Participants of a collaborative arrangement may provide certain data that they process according to their statutory duties to the collaborative arrangement (Article 1.5 Wgs), all this only insofar as this is necessary for the purpose of the collaborative arrangement. Subsequently, the results of processing may be provided for certain purposes within the partnership or, under conditions, to third parties (Article 1.7 Wgs).
The Wgs provides a basis for four specific partnerships:
The Financial Expertise Center (FEC);
The Criminal and Unexplained Assets Infobox (iCOV);
The Regional Information and Expertise Centers (RIECs) and;
The Care and Security Houses.
Not every random collaborative that claims to meet the above definition may process personal data under the Wgs. Collaborative partnerships may only be created on the basis of the Wgs for three purposes, namely preventing and fighting crime, unlawful use of public funds and evasion of legal obligations. The starting point is that the cooperative associations are designated in the Wgs. Going through such a legislative process takes time.
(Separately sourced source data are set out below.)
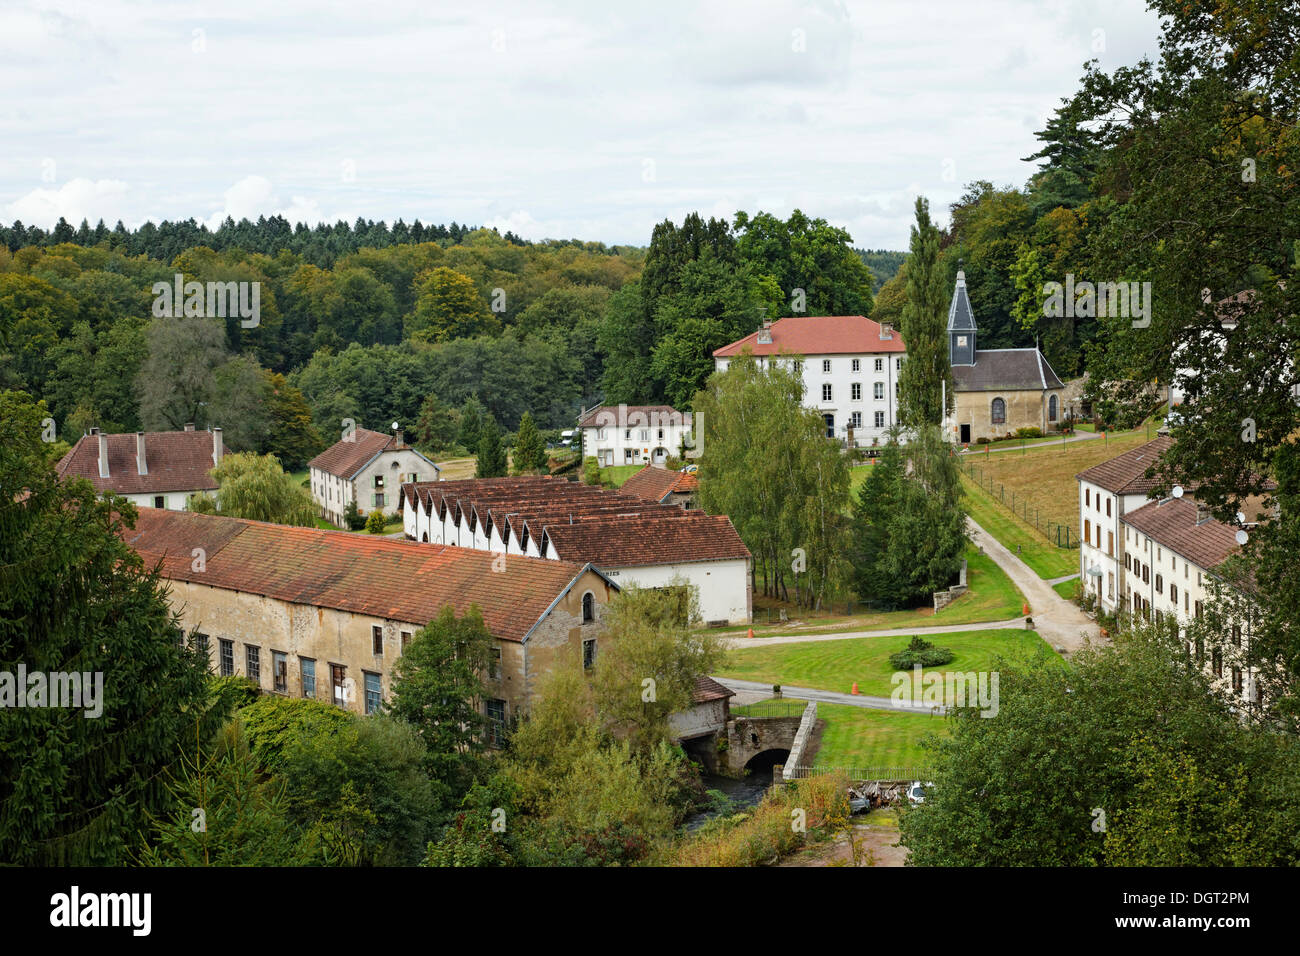 La Manufacture Royal des Bains, antiguamente la mayor fábrica de hojalata en Francia, Bains-les-Bains, Epinal, Lorena Imagen De Stock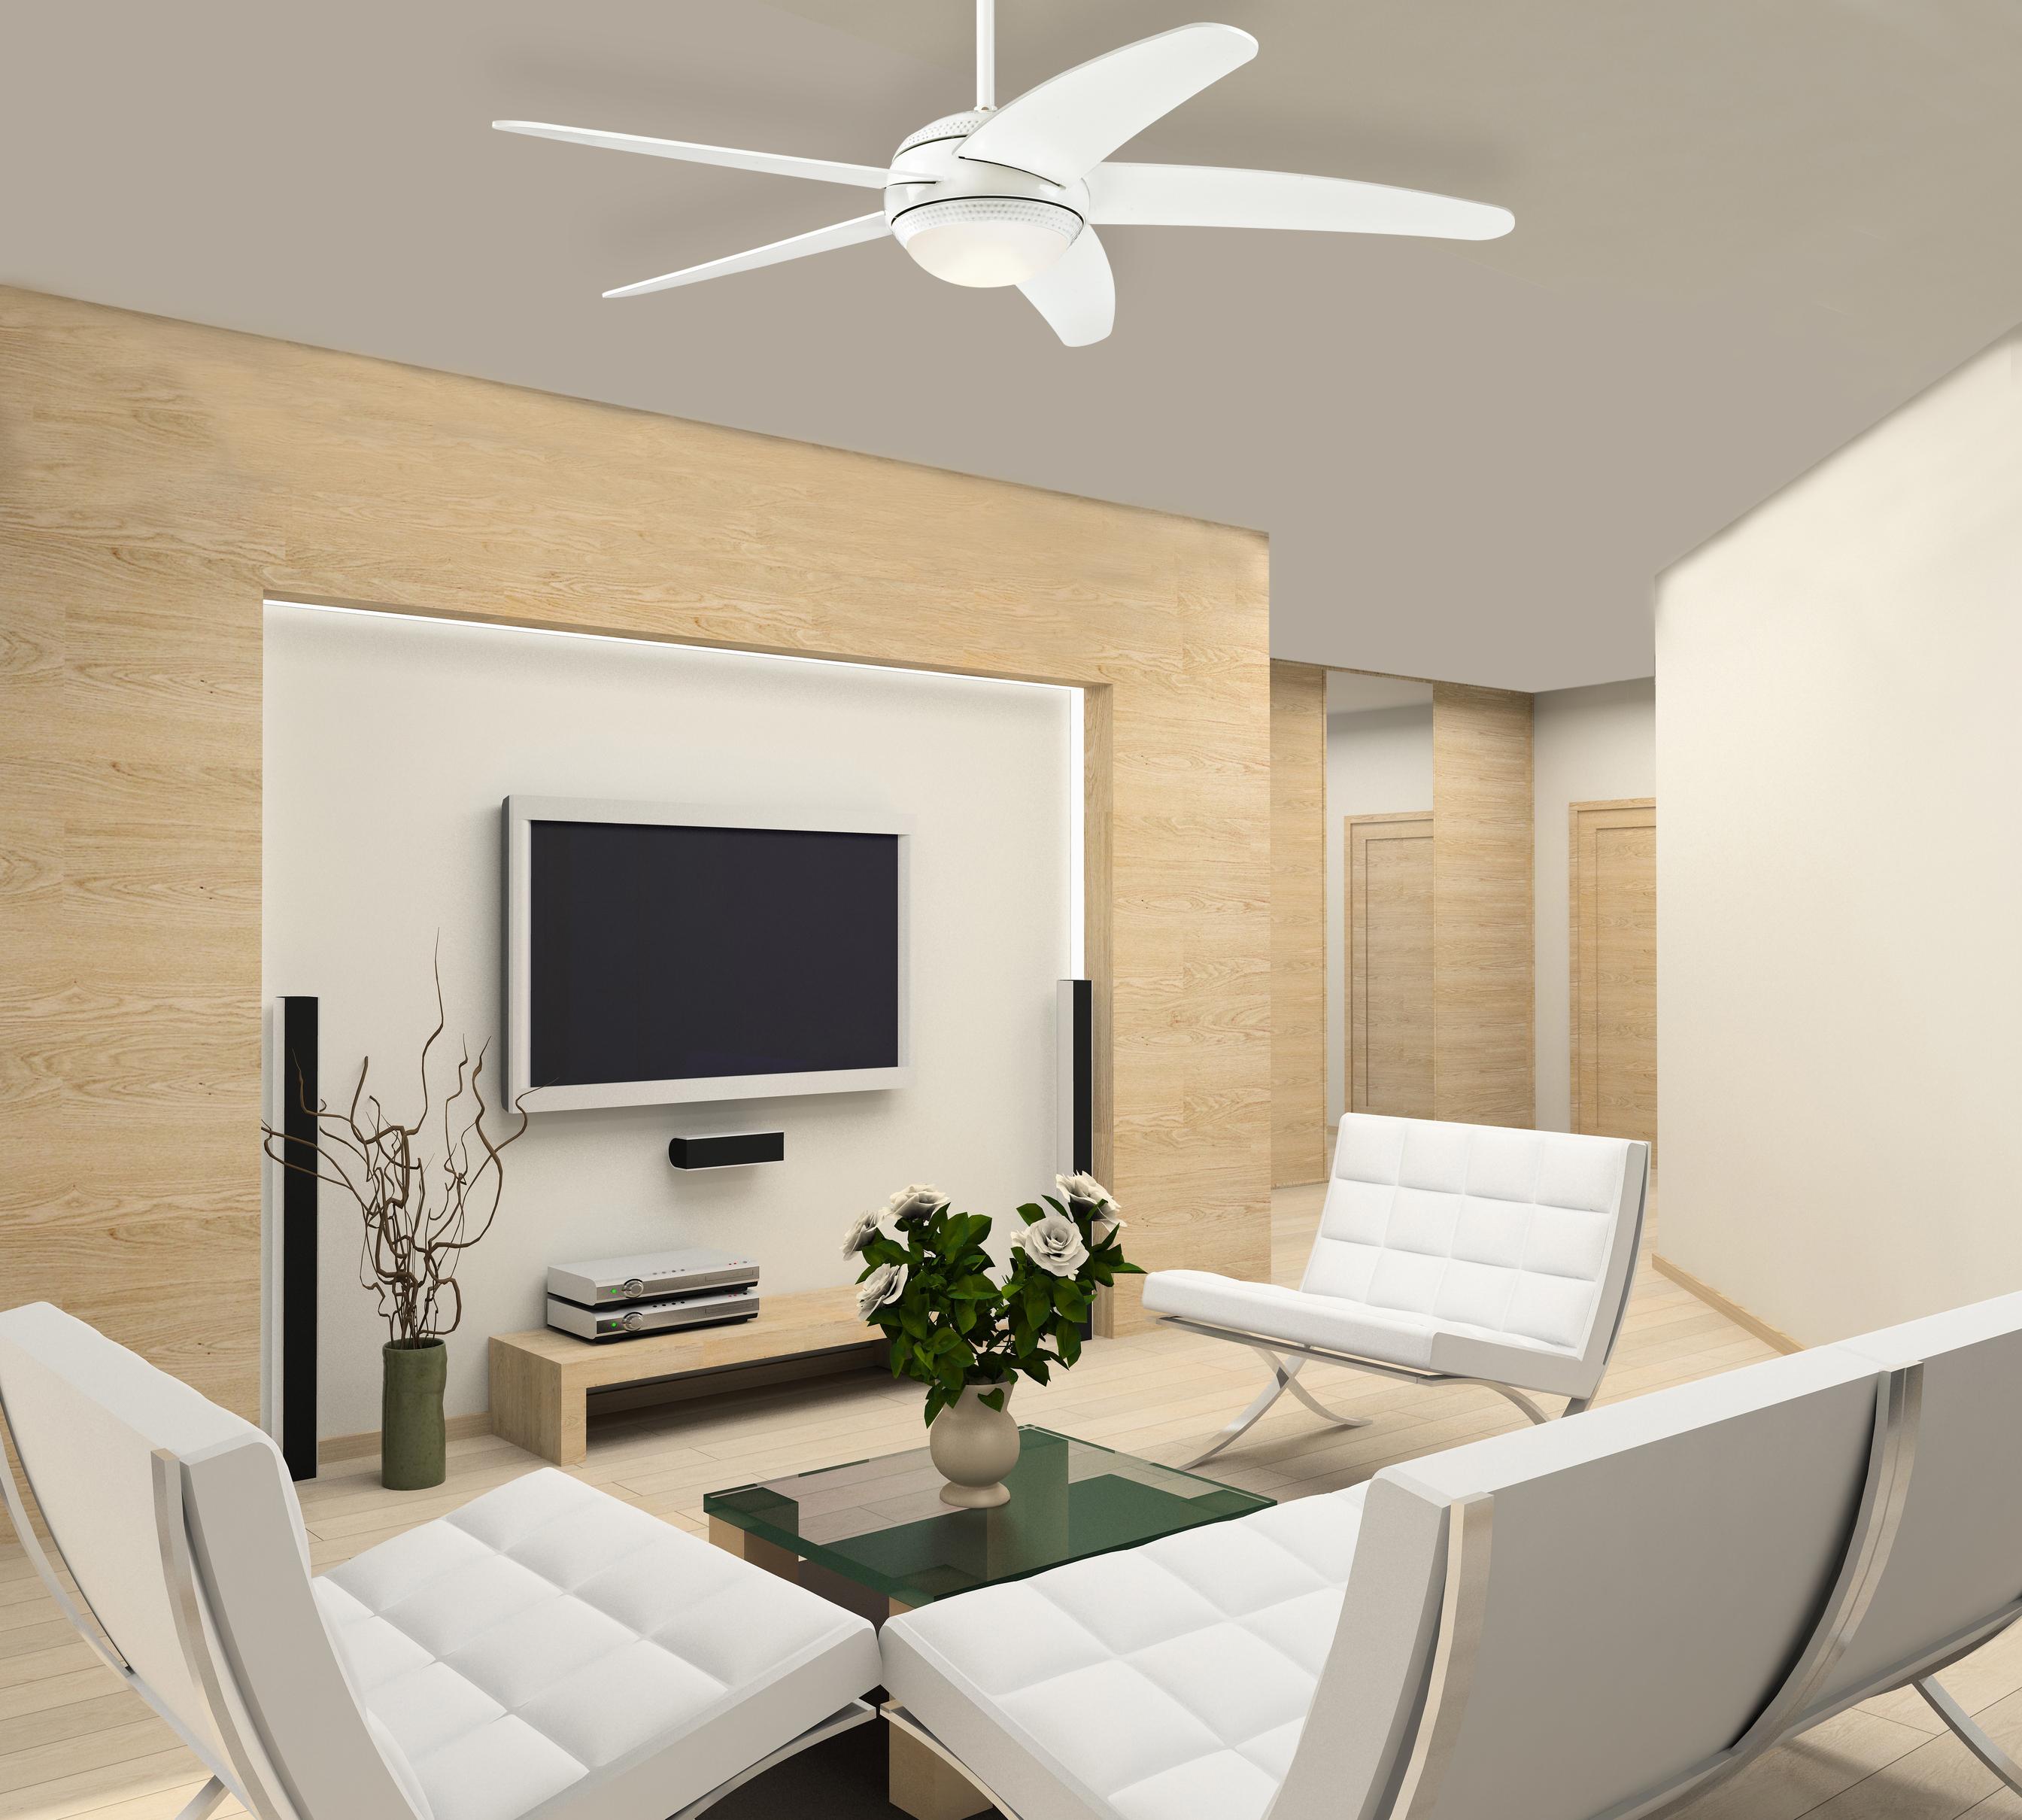 deckenventilator bendan led in wei mit fernbedienung deckenventilator deckenventilatoren mit. Black Bedroom Furniture Sets. Home Design Ideas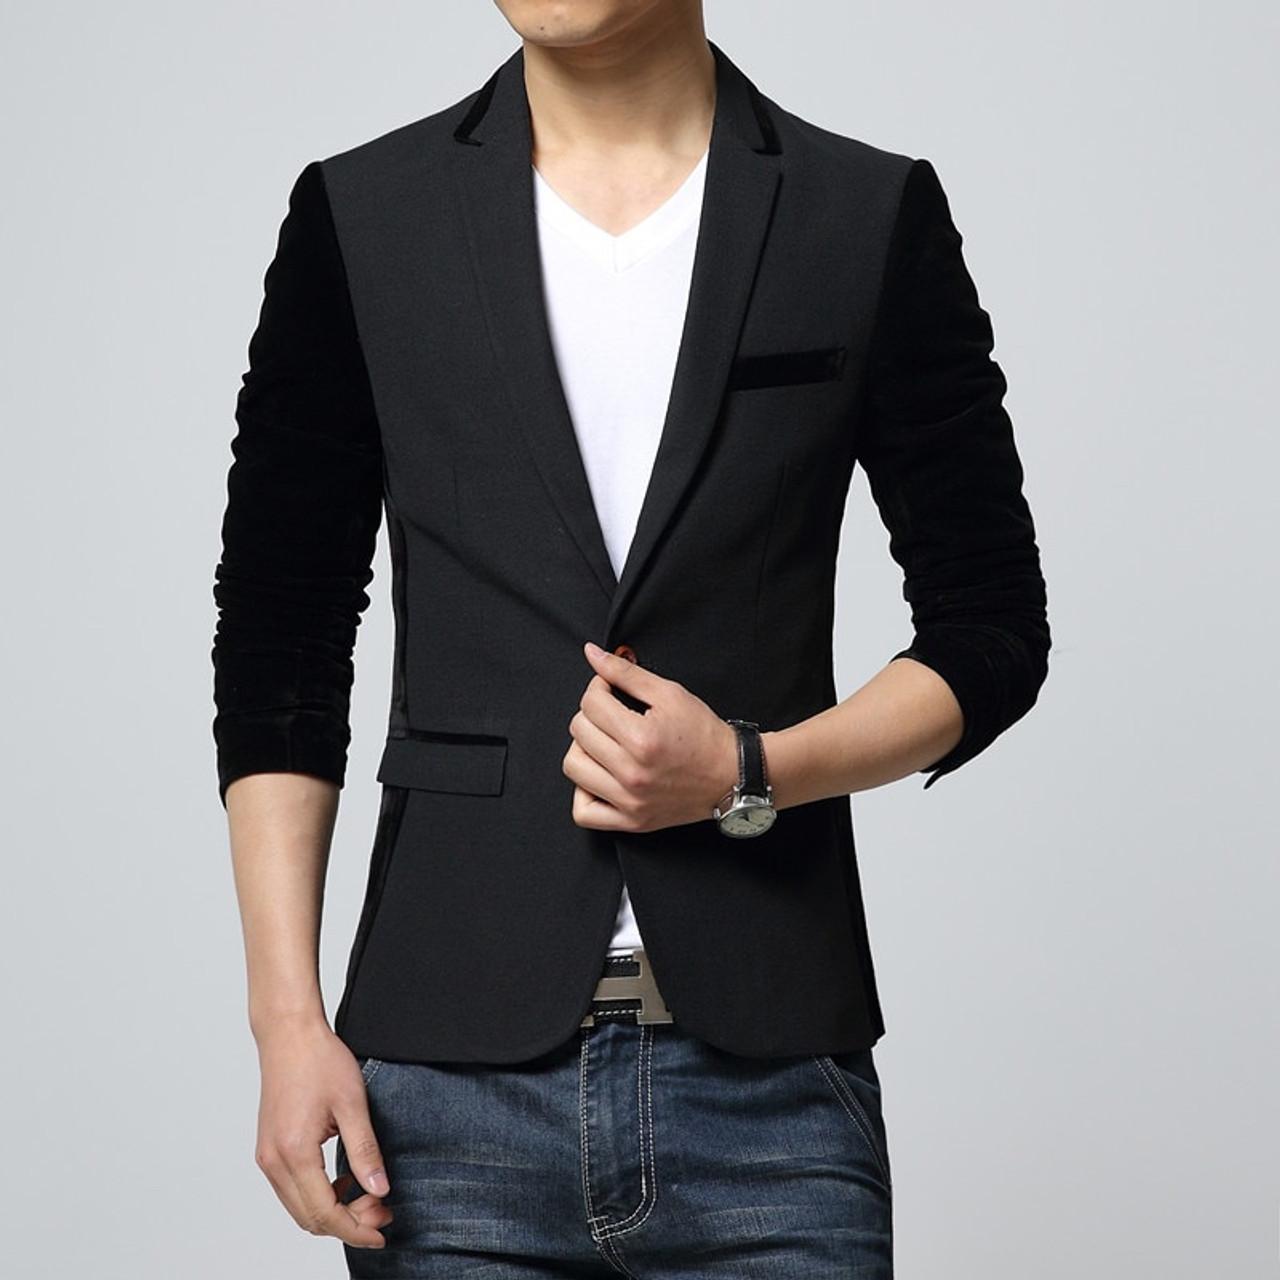 6f9410afc76 ... 2018 New Korean Fashion Mens Slim fit Blazer coat suit jacket Male  casual unique blaser masculino ...

Therefore, there is an option to designate participants by Order in Council (AMvB) in case of urgency. The addition of a collaborative is on commitment of the minister only possible to bridge the time needed to eventually regulate this in the Wgs itself.
During the parliamentary debate, an amendment was adopted by the House of Representatives that requires that a preliminary procedure be followed for the addition of new collaborative arrangements by order in council, coupled with prior approval by parliament. Thus, it is ultimately up to parliament to determine whether there is a "compelling public interest" that justifies the designation of a collaborative arrangement (Article 1.1 Wgs).
The Wgs is a so-called "framework law." This means that the law provides the basis for elaborating a large number of issues by Executive Order. This has been done in the Decree on Data Processing by Collaborative Groups (Bgs).. The draft Bgs is now before the Council of State for its opinion. According to the government and the Senate, there was no objection to adopting the Wgs in the meantime. The draft Bgs broadly regulates the following:
Delineation of exactly what collaboratives are allowed to do. For example, the draft Bgs further clarifies the bases for sharing data and incorporates more safeguards for personal data protection;
A number of concerns that have been addressed by Parliament, the Council of State and the Personal Data Authority are also given a place in the draft Bgs, in the form of safeguards and limits on data processing by partnerships;
Rules on how to handle requests for inspection or rectification from data subjects;
Concretization of the categories of data to be provided to RIECs.
In this part of the blog series, we updated you on what the Wgs will enable. In the next blogs in the series, we will set out the safeguards provided by the Wgs and discuss the arrangements for the RIECs and Care and Safety Homes.